Physical doctors had already betrayed my trust horribly. Then a psychiatrist put me on celexa, which ruined my brain. I don't know if it had made me manic or something, but I was a ball of rage that would truly have murdered had I the strength or tools to. I need to emphasize here that I am not exaggerating that. The psychiatrist thought I just had anger management problems and needed to go to therapy for that, and also be on an even higher dose of celexa, a dose that was higher than a child of my weight would ever typically be on. He never did take me off the med. My mother did. And when it was fully out of my system I was back to being fully depressed, but now I had insane guilt about everything horrible I'd done while on the SSRI. I had insane anxiety about socializing, because I was afraid I might be annoying people and after all the shit I pulled I did not have the right to even be a minor inconvenience to anyone.

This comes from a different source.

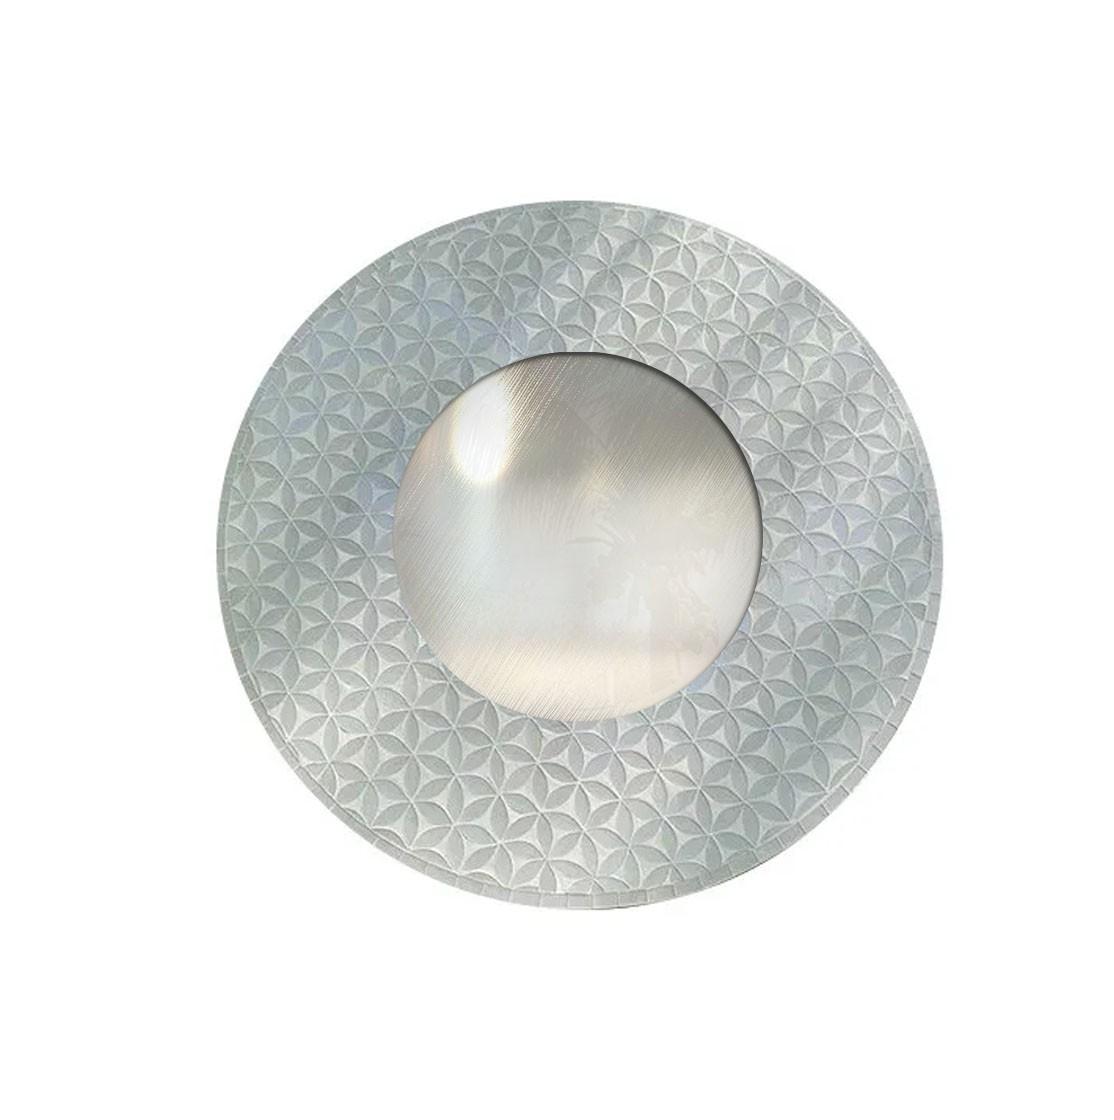 Espelho em Mosaico - Moldura em MDF com Mosaicos de Flores (Branco) [80 cm]

All of these people have just fucked me over time and time again. I didn't realize it sooner, I think, because I tend to think of therapists in a separate category from psychiatrists and doctors, seeing as they have very different training and responsibilities. But in a way, they are categorically the same. They are supposed experts in their fields who have tools to help you get better with your ailment(s). And every last one of them has let me down, at best. At worst, they've destroyed years of my life and caused something that sure as fuck looks like trauma to me. I can't talk about the medical shit I've referenced here without crying. It doesn't matter how I feel about it in the moment, I will cry. I am crying.
I don't know how I can ever start to legitimately trust any of these people again. I lie to them all the time to protect myself, I never open up to them about how I really feel or what I'm truly struggling with. I manipulate them to give me things I know will be helpful for me on a symptomatic level, because how could I ever just tell them the truth or let them lead my treatment, after what they've done to me?